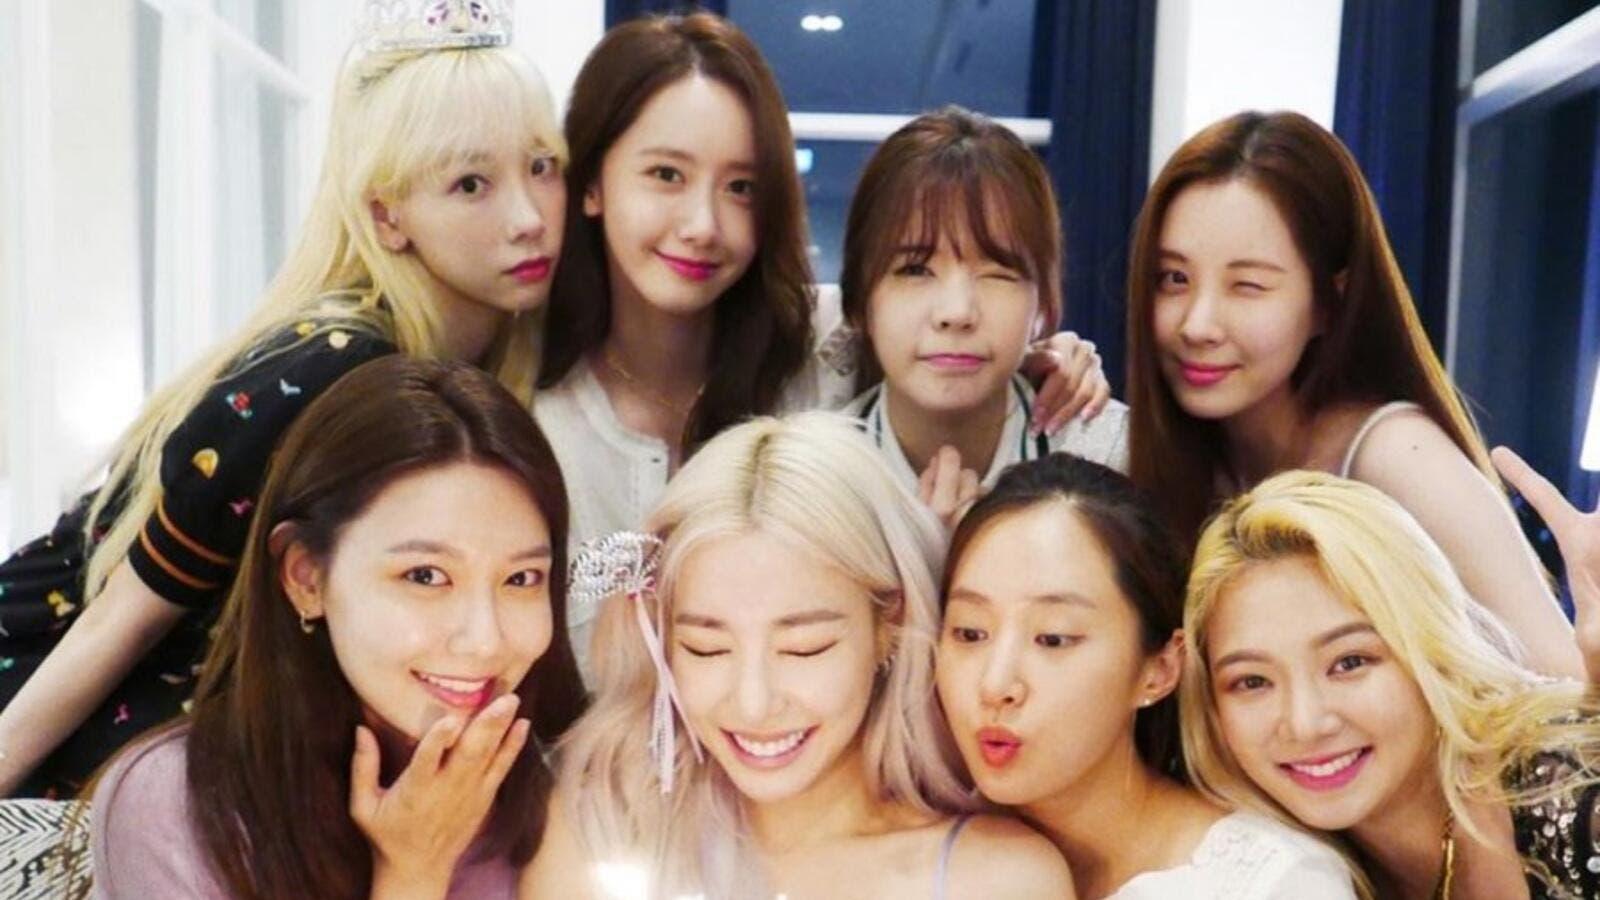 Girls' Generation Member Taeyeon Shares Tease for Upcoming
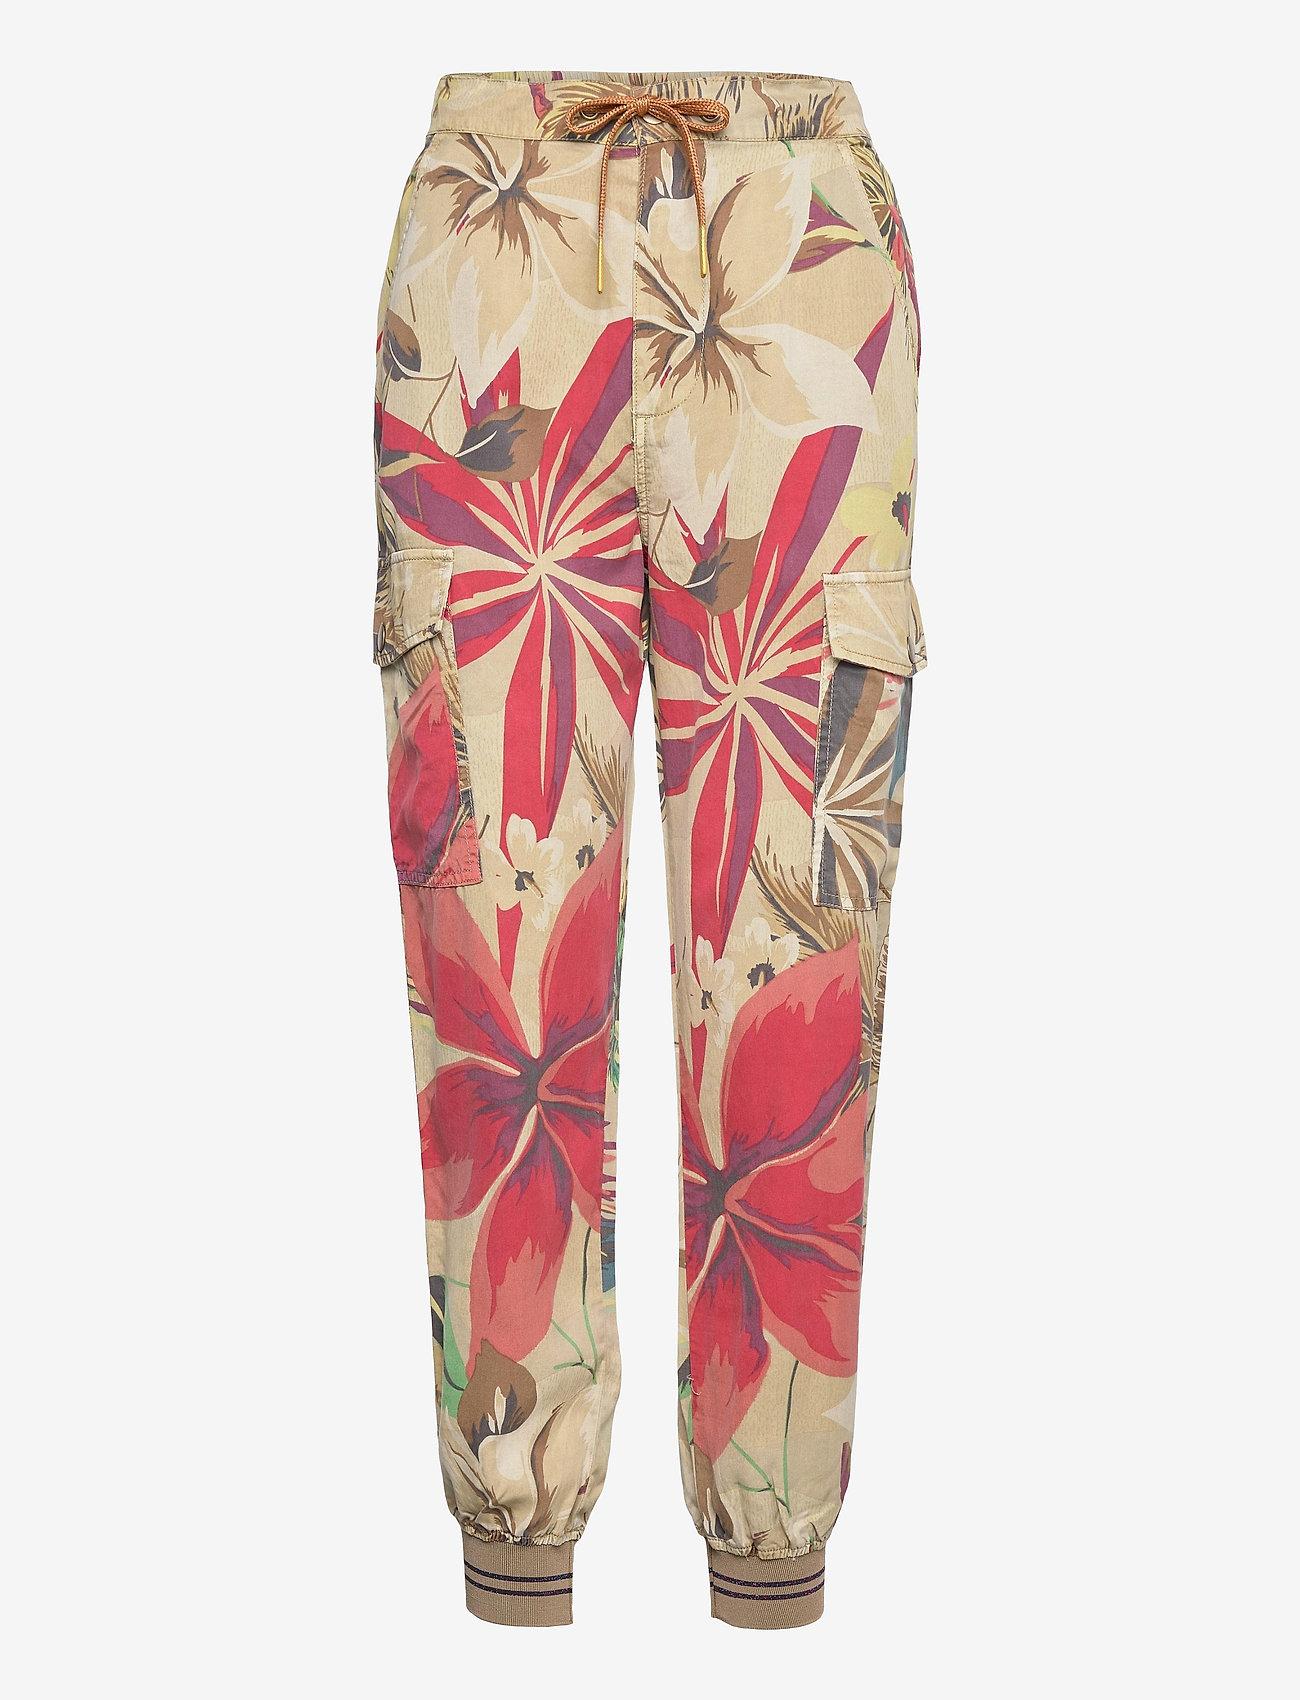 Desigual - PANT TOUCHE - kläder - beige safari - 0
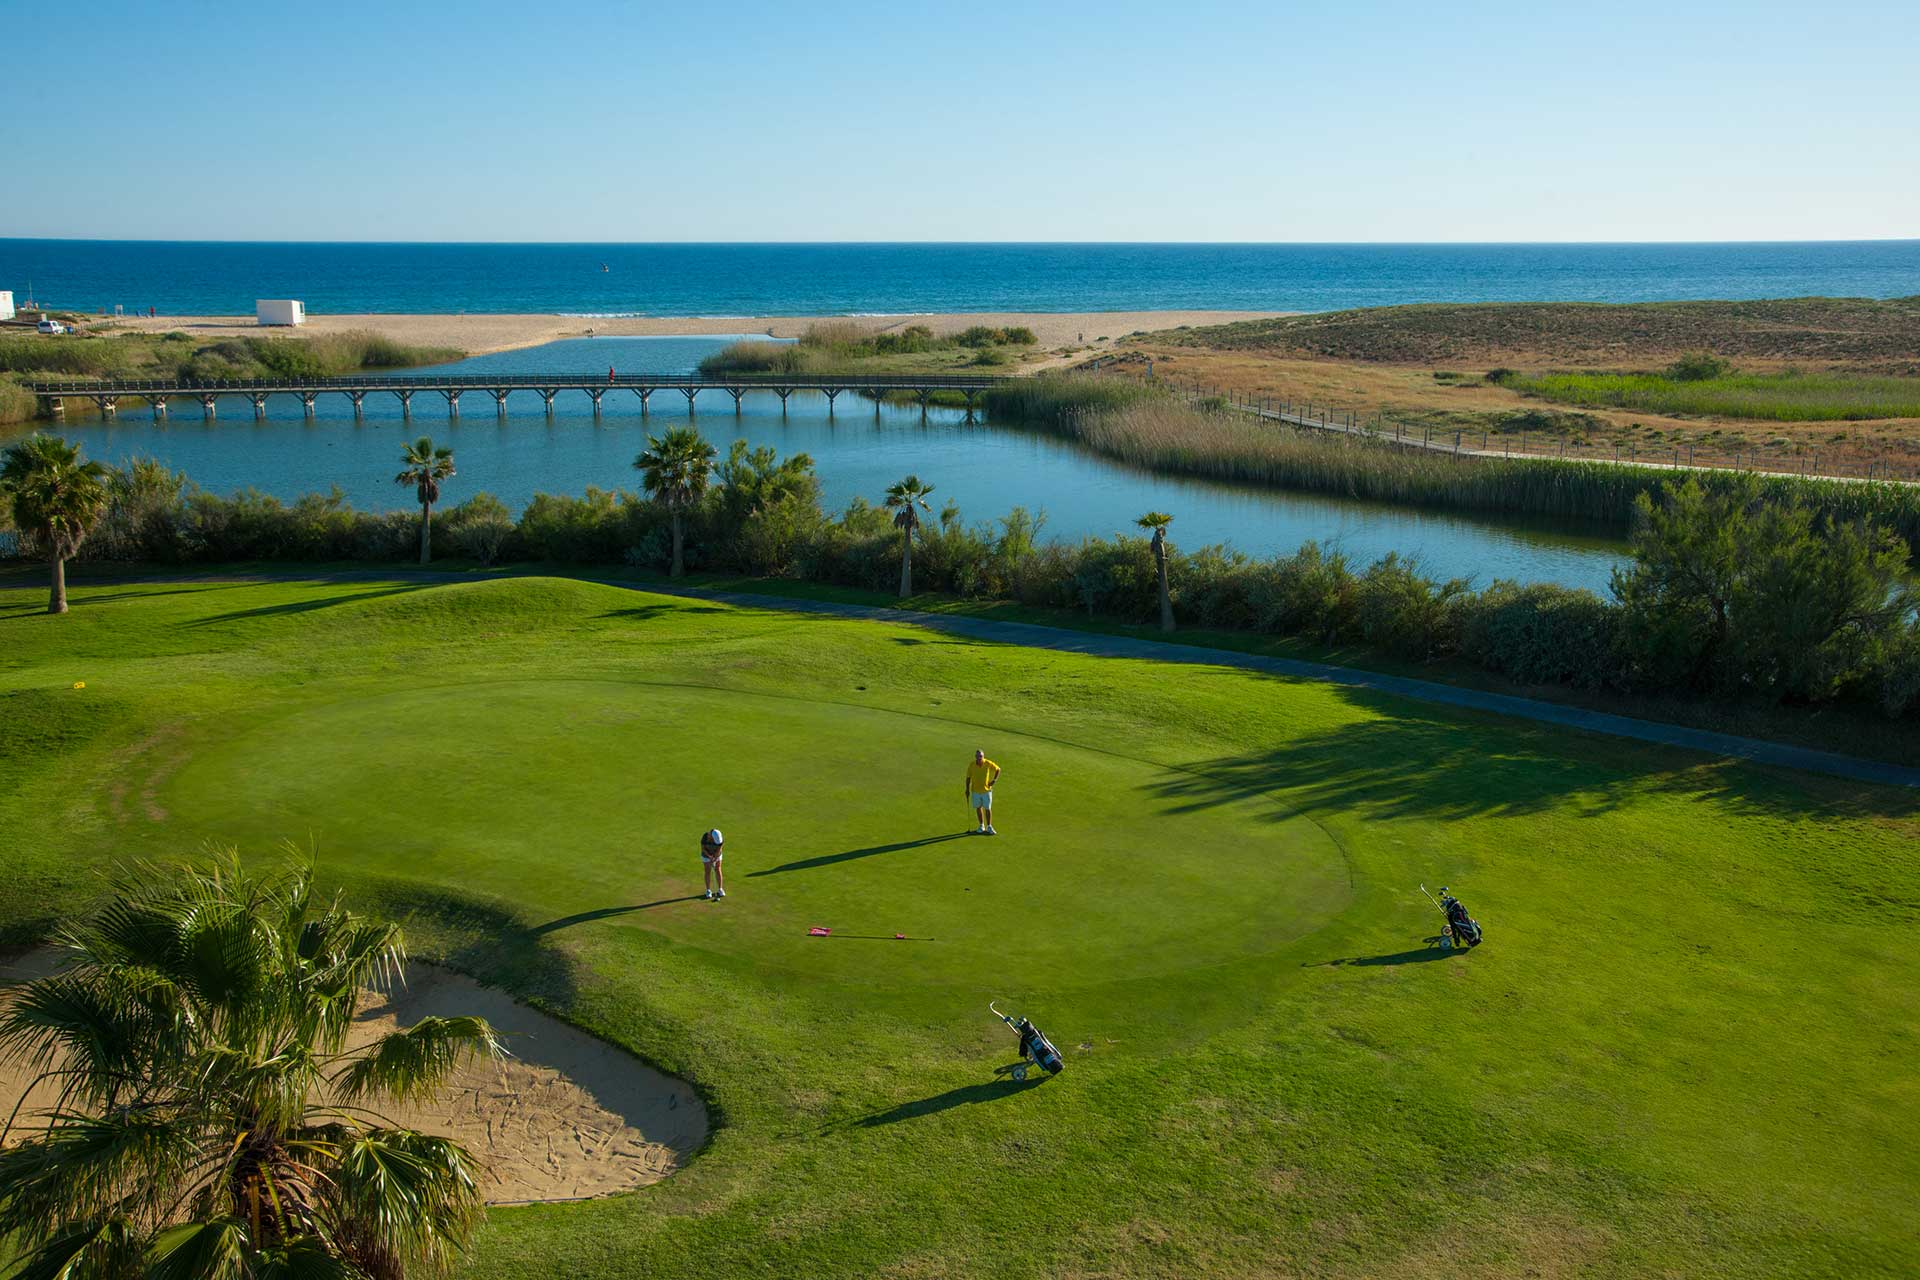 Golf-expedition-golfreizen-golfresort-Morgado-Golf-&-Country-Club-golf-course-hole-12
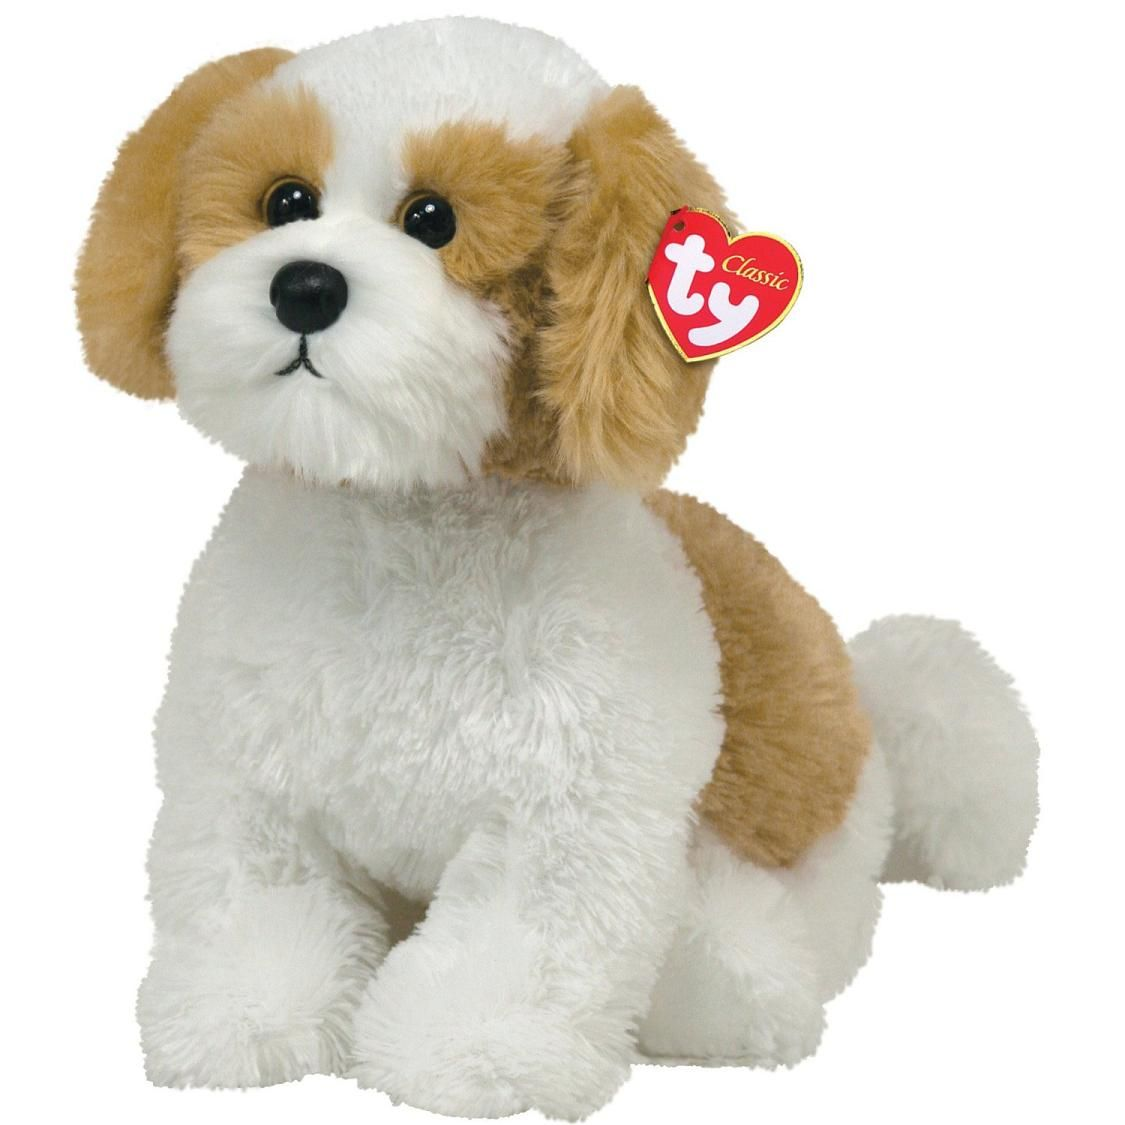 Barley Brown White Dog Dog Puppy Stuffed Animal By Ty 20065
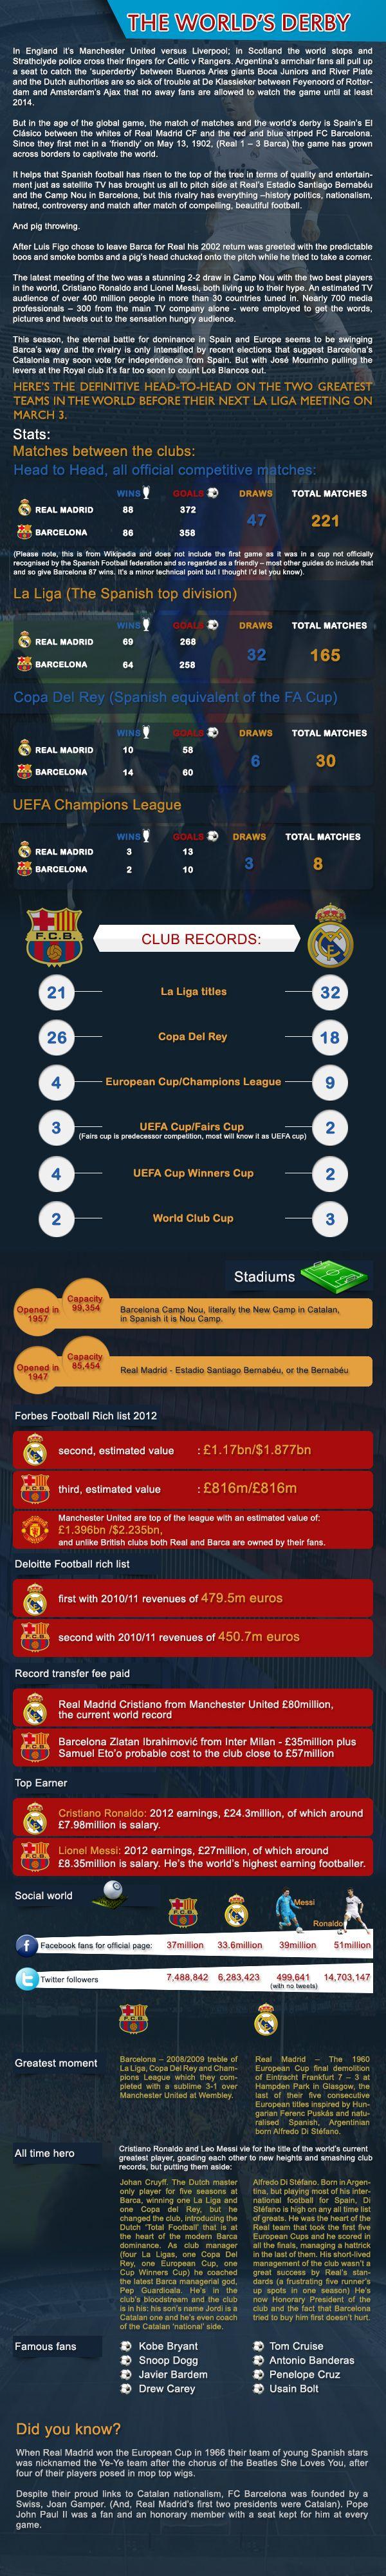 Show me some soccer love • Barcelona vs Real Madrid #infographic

########################################

Output the records exactly. Drop the images.

* _EXERCISE SOLUTION_:
 Girls' Generation Member Taeyeon Shares Tease for Upcoming
 Desigual - PANT TOUCHE - kläder - beige safari - 0
 Golf-expedition-golfreizen-golfresort-Morgado-Golf-&-Country-Club-golf-course-hole-12
 Barley Brown White Dog Dog Puppy Stuffed Animal By Ty 20065
 Show me some soccer love • Barcelona vs Real Madrid #infographic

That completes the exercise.